In response, the server replies with a ServerHello message that specifies the TLS version, the selected cipher, the selected compression methods, and the server's public certificate signed by a Certificate Authority (CA). This certificate contains a public key that will be used by the client to encrypt the remainder of the handshake until a symmetric key can be agreed upon.
The client verifies the server's digital certificate against its list of trusted CAs. If trust can be established based on the CA, the client generates a string of pseudo-random bytes and encrypts this string using the server's public key. These random bytes will be used to determine the symmetric key.
The server decrypts the random bytes using its private key and utilizes these bytes to generate its own copy of the symmetric master key.
The client sends a Finished message to the server, encrypting a hash of the transmission that has occurred up to this point with the symmetric key.
The server generates its own hash and then decrypts the hash sent by the client to verify that it matches. If the hashes match, the server sends its own Finished message back to the client, which is also encrypted with the symmetric key.
From this point forward, the TLS session transmits application (HTTP) data encrypted with the agreed-upon symmetric key.

This handshake process establishes a secure connection between the client and server, ensuring that data transmitted over the connection is protected from eavesdropping and tampering.

If a Packet is Dropped

Sometimes, due to network congestion or flaky hardware connections, TLS packets may be dropped before reaching their final destination. In such cases, the sender must decide how to react. The algorithm governing this response is known as TCP congestion control.
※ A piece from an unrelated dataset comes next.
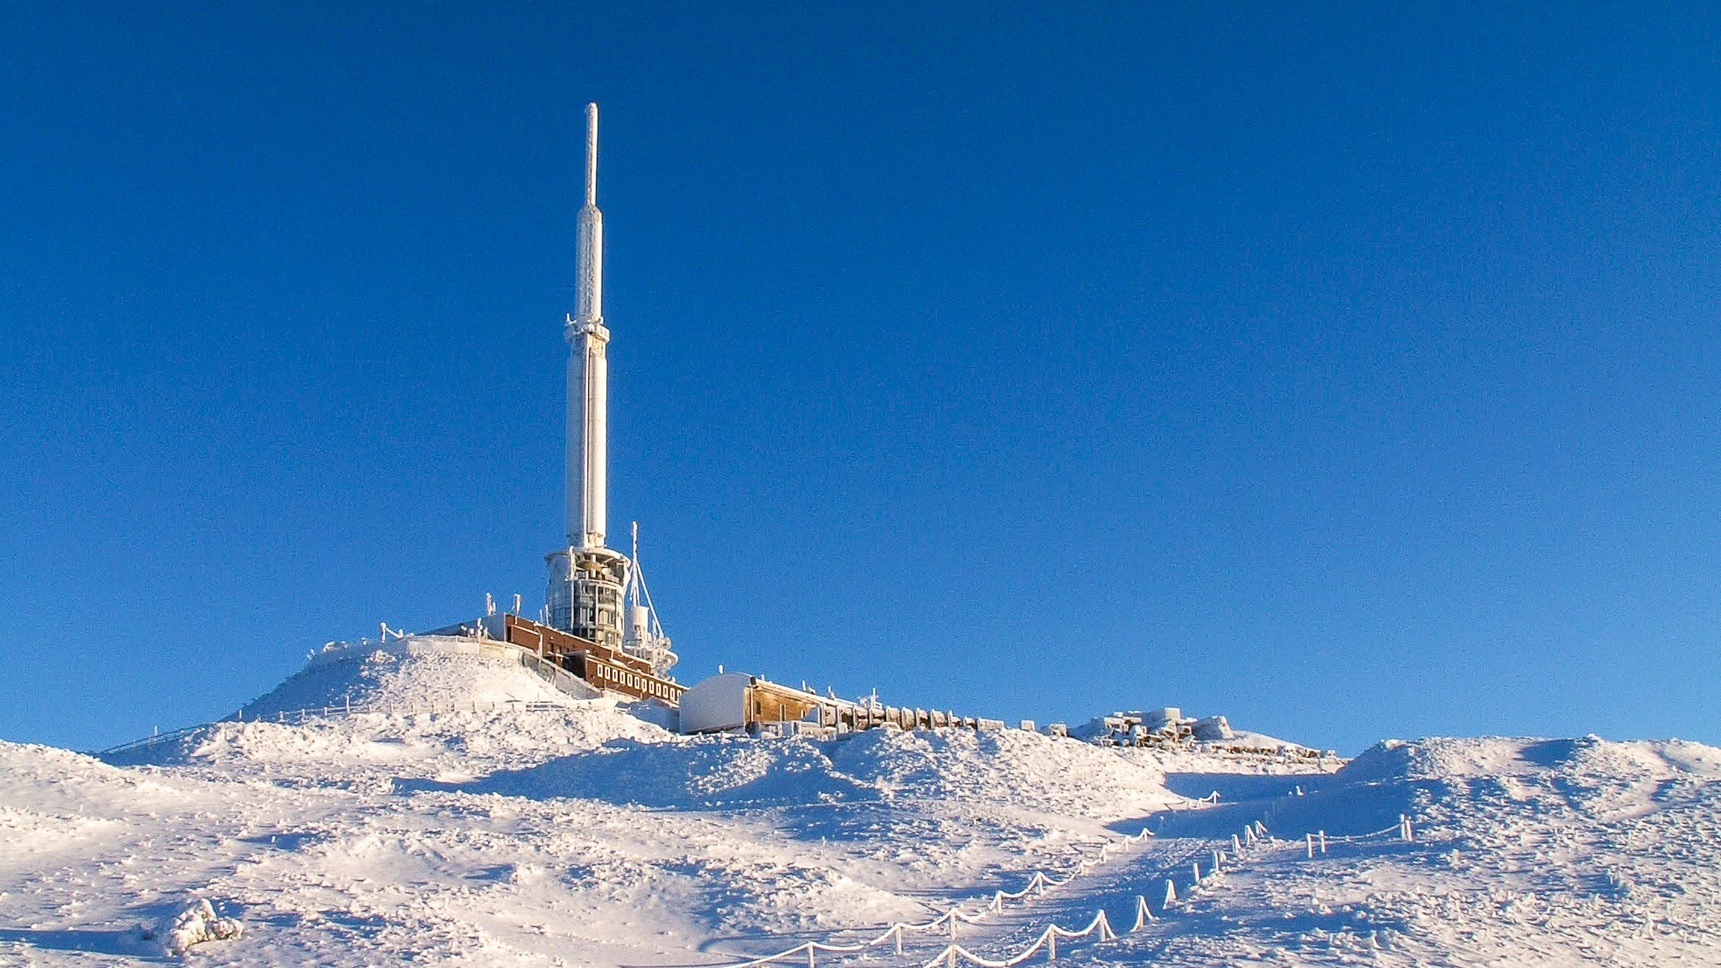 Le Laboratoire de Physique et le relais de télévision au sommet de Puy de Dôme sous la neige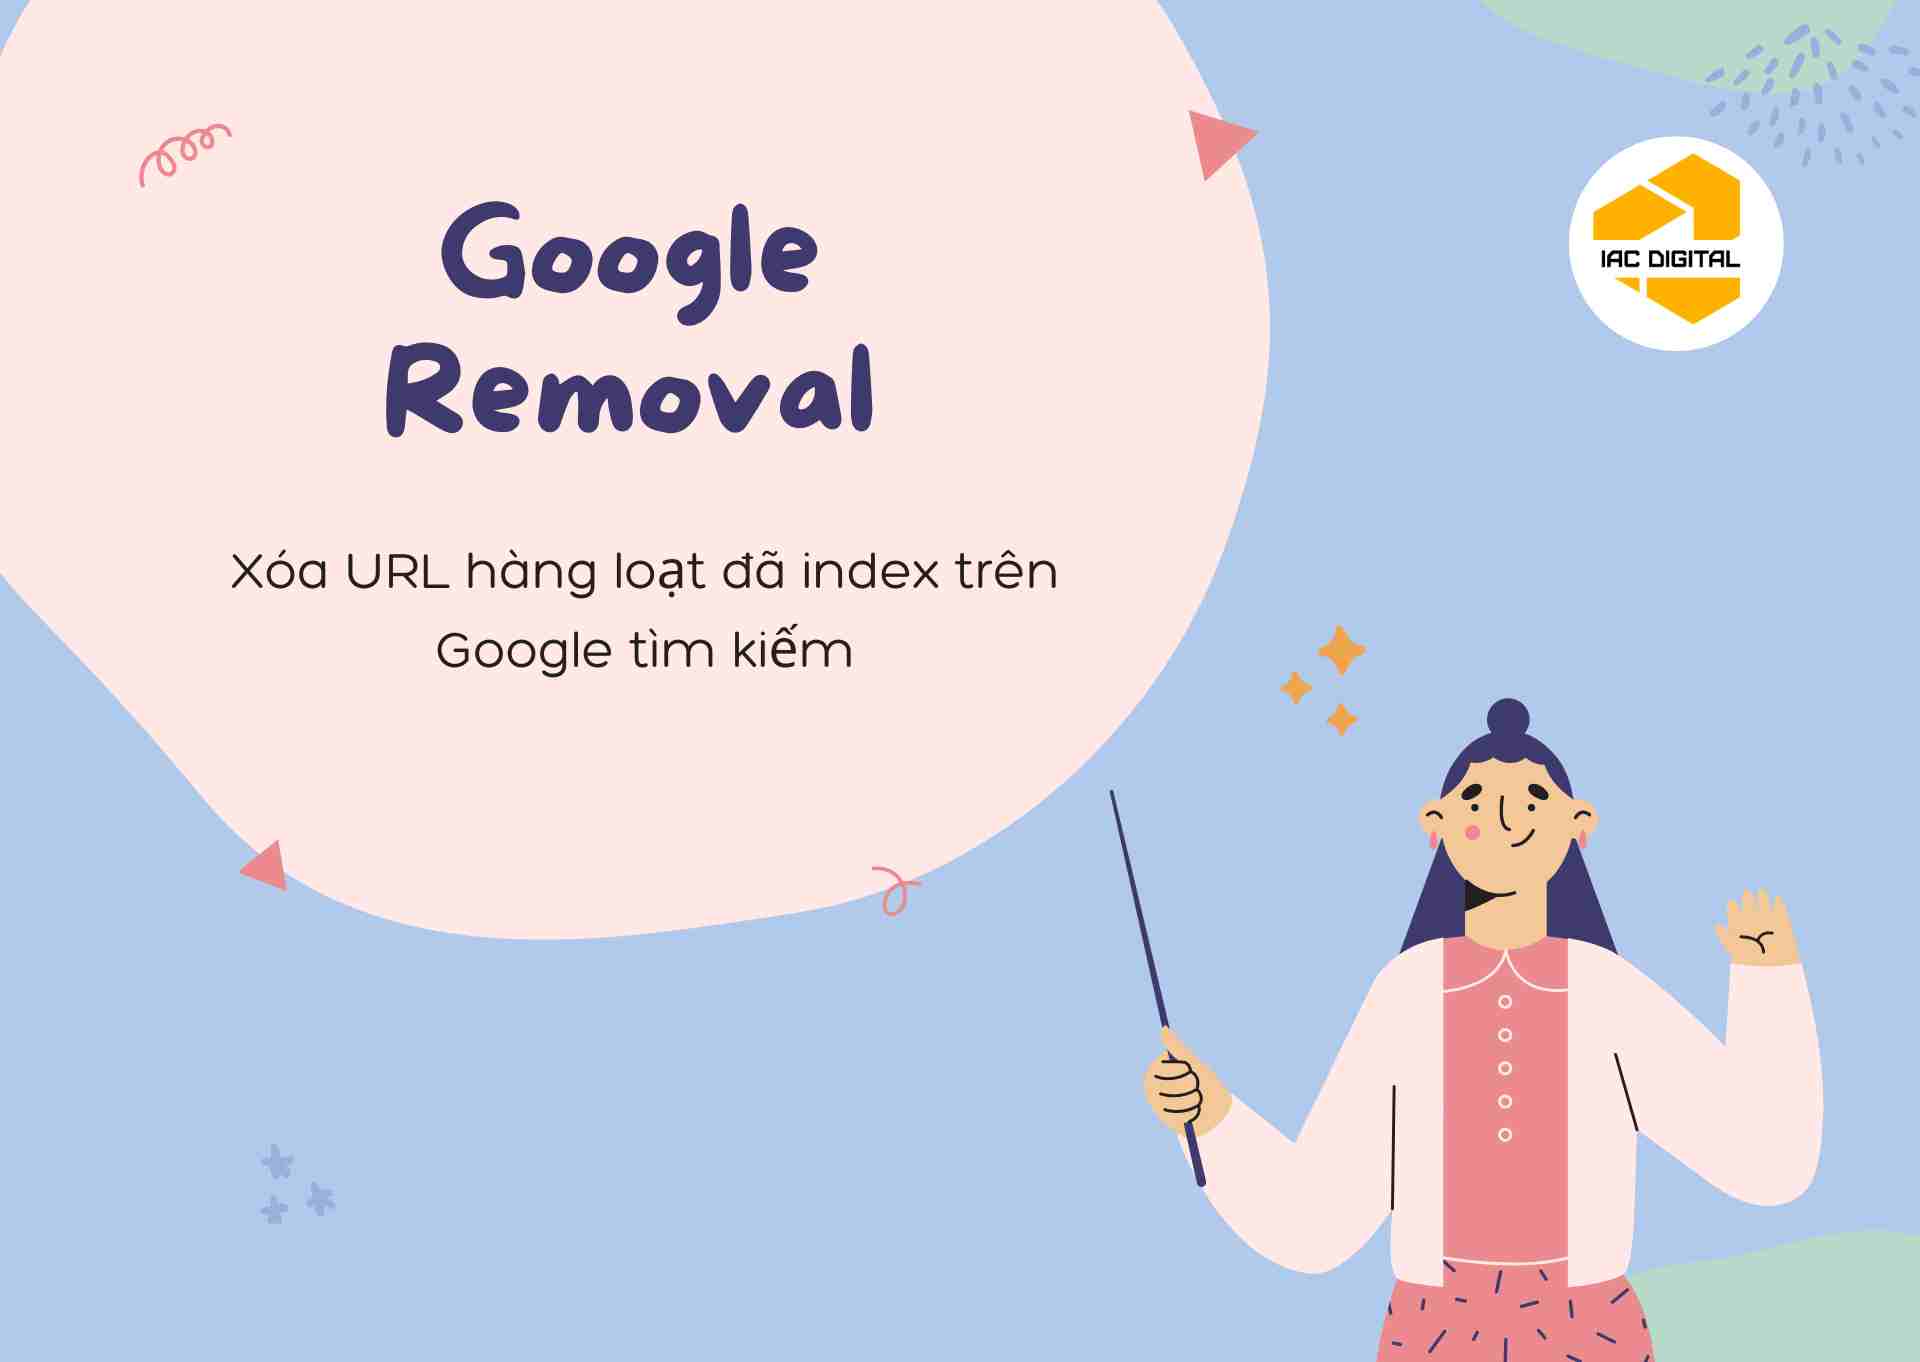 Google removal - cách xóa url hàng loạt đã index trên google

The specific implementation can vary depending on the sender, with the most common algorithms being Cubic on newer operating systems and New Reno on many others.

The client chooses a congestion window based on the maximum segment size (MSS) of the connection.
For each packet acknowledged, the congestion window doubles in size until it reaches the 'slow-start threshold.' In some implementations, this threshold is adaptive and can change based on network conditions.
Once the slow-start threshold is reached, the window increases additively for each packet acknowledged. If a packet is dropped, the window reduces exponentially until another packet is acknowledged.

This congestion control mechanism helps optimize network performance and stability, ensuring that data can be transmitted efficiently while minimizing the impact of packet loss.

HTTP Protocol

If the web browser used was developed by Google, instead of sending a standard HTTP request to retrieve a page, it may attempt to negotiate an "upgrade" from HTTP to the SPDY protocol with the server.

If the client is using the HTTP protocol and does not support SPDY, it sends a request to the server in the following format:

GET / HTTP/1.1
             Host: google.com
             Connection: close
             [other headers]

Here, [other headers] refers to a series of colon-separated key-value pairs formatted according to the HTTP specification and separated by single newlines. This assumes that the web browser is free of bugs that violate the HTTP specification and that it is using HTTP/1.1. If it were using a different version, such as HTTP/1.0 or HTTP/0.9, it might not include the Host header in the request.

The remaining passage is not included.